Market Research Interview Script Writing Tips
From time to time on this blog, I write market researcher how to guides and share tips and tricks of the trade. This week I will be sharing 6 tips on how to design, structure and write a market research interview script.
The interview script is a very important component of a market research interview. The design and structure of the script will be a major determinant of the quality and usability of the data it produces.
Below is a list of tips that will help you design a targeted, comprehensive, clear, concise and unbiased market research interview script:
#1. Determine your audience first before writing the script. Knowing how well-informed your target audience is will help determine how detailed you can make the questions and also determine how much context needs to be provided around each question.
#2. Know your objectives and plan your questions around them. Collecting meaningless data and information wastes valuable time with the respondent that could be used to collect meaningful data.
#3. Outline your script in a logical question order for your respondents. Build a cohesive and concise dialogue around the questions that lead the interviewee to the answers you seek.
#4. Be specific and get to the point of a question quickly. Minimizing the context necessary to produce informed answers is your goal.
#5. Don’t introduce unnecessary biases into the research. Following the 3 rules listed below will help you avoid doing so:
- Make sure there’s no room for misinterpretation of a question.
- Design questions that don’t lead respondents to one of the answer choices.
- Randomize multiple choice answers so that answer position does not bias the responses.
#6. Engage your audience. High engagement levels lead to higher completion rates and more accurate data, as the interviewees will become more invested in your research. Engagement levels can be increased by doing the following:
- Using a casual or conversational tone to better connect with your audience.
- Not wasting the interviewee’s time with pointless questions.
- Watching the use of slang that may not be understood or may be found offensive by the respondents.
- Keeping questions short. Some respondents will have short attention spans and you will lose them with long-winded questions.

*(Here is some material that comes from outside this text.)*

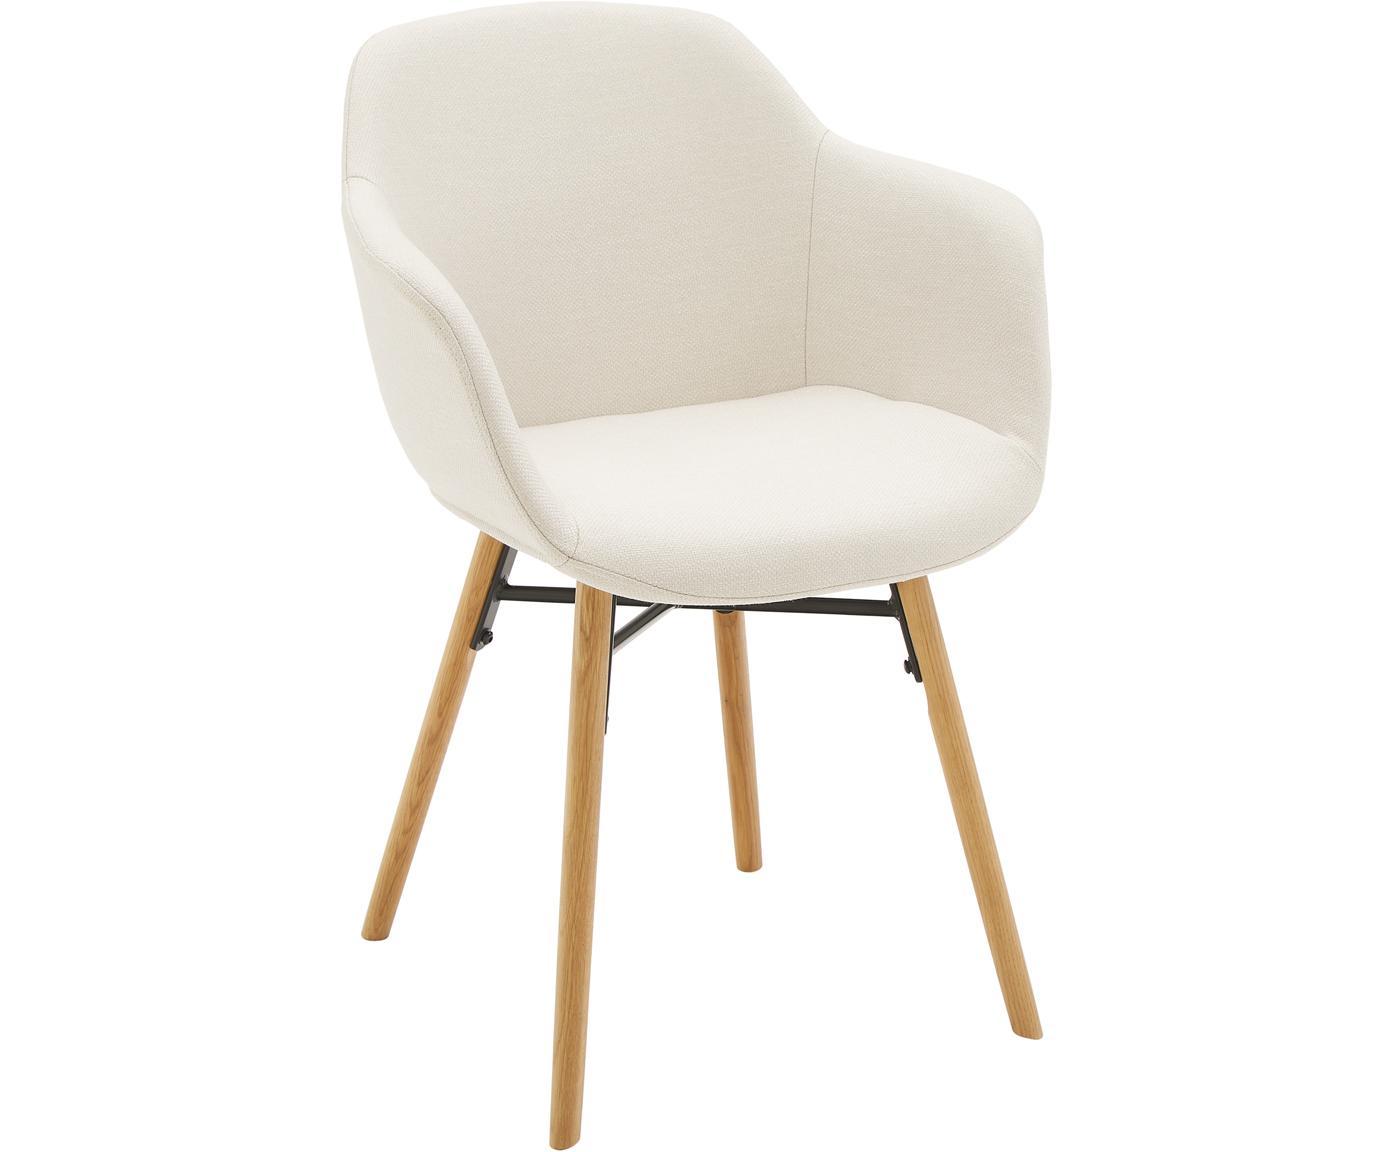 Armlehnstuhl Fiji mit Holzbeinen, Bezug: Polyester 40.000 scheuert, Beine: Massives Eichenholz, Sitzschale: Cremeweiss Beine: Eichenholz, B 59 x T 55 cm

- Making sure the answer lists to your questions are relevant and concise.
- Always offering an opt-out answer (i.e. Don’t Know, Not Applicable, etc.) to the interviewee, so that you do not frustrate them.
- Making sure that you are only asking questions that are relevant to each respondent group. One way to do this effectively is to segment the respondents by type at the very beginning of the interview.
Later this week, I will be writing a follow-up post on common question types used in market research interviews with short descriptions and a short review of the pluses and minuses of each question style.